Лет шесть из десяти в КВЧ прокантовался. Иначе как «художником» не называли. А уж язык был подвешен… — Витковский засмеялся и покрутил головой. — Даже мне начал было мозги вправлять: то у тебя не так, это не этак. Я, говорит, Академию кончил. Ну, я показал ему Академию! Последние полтора года он сапожником работал. Хотя все не на лесоповале. С тобой — другое. Тебе незачем врать — способности имеются. А вот уверенности в себе нет. Ты что, не сможешь лозунги писать? Сможешь, конечно, но надо, чтобы начальство тебя признало. Ты должен сделать пару серьезных работ. Начни с копий. Для этого лучше всего подойдут серовские «Ходоки у Ленина». Фигур немного, и Ленин тут… Расчертишь по клеткам репродукцию, нанесешь на холст и малюй. Цвет видишь — это я понял. Можешь здесь же и попробовать. Подскажем вначале, а там сам пойдешь.

К счастью, у меня действительно «пошло». Несмотря на то что Зубков по-прежнему требовал от меня черной работы, мне удавалось вечерами выкраивать время для настоящей живописи. Руководил моими занятиями Витковский, Зубкову он не доверял.

— Он цвет не видит, а это в нашем деле большой недостаток. Хотя рисовальщик неплохой.
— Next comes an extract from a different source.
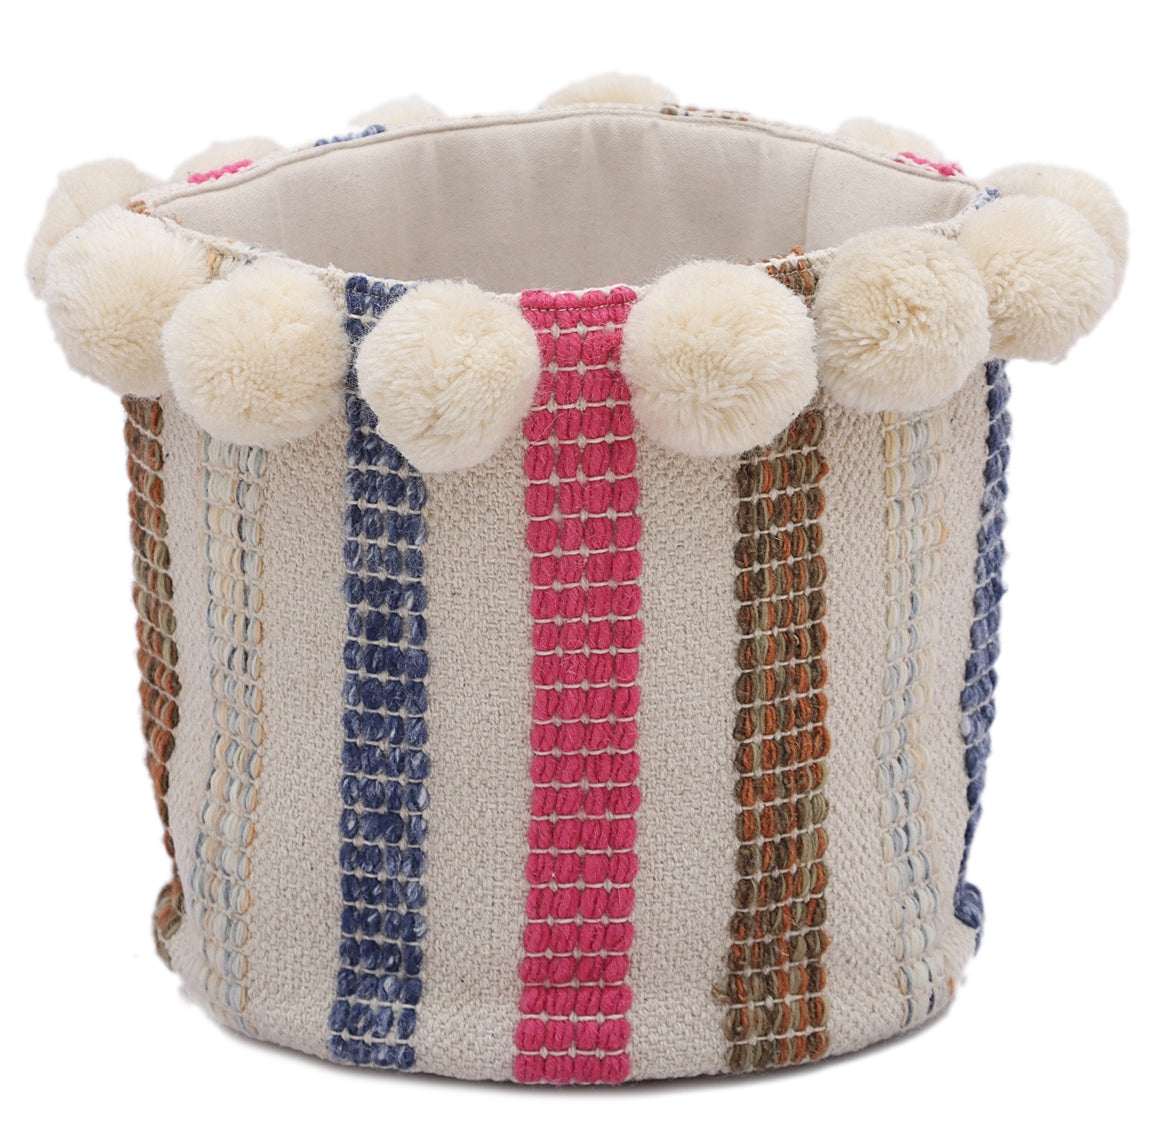 Multi Color Hand Woven Basket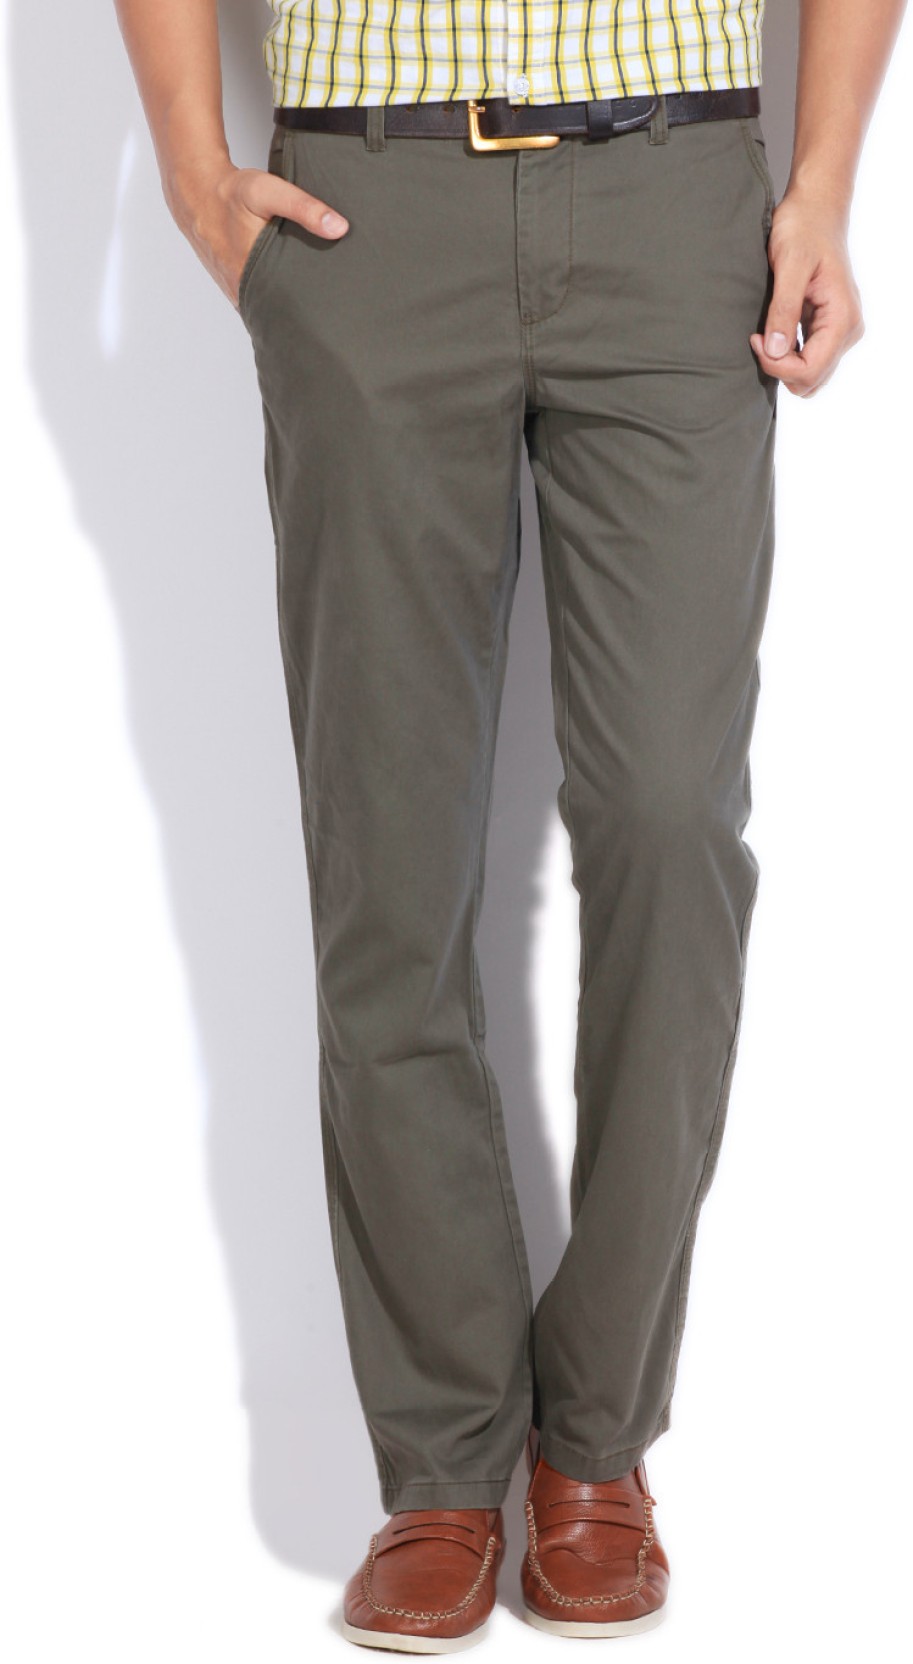 Ruggers Slim Fit Men's Grey Trousers - Buy GREY Ruggers Slim Fit Men's ...

В кружке ИЗО при какой-то фабрике учился.

Я хотел сказать, что тоже, еще до войны, занимался в кружке, но вовремя прикусил язык: открывать талант в самоучке мастеру всегда приятней, нежели развивать уже открытый…

* * *

Учеником я оказался не только способным, но и прилежным. Не прошло и месяца, как Витковский сказал:

— Если так пойдет, то скоро нечему будет тебя учить. Чего доброго, съешь меня, как я когда-то Дадонова.

И напрасно я уверял, что не способен на подлости, Витковский только посмеивался.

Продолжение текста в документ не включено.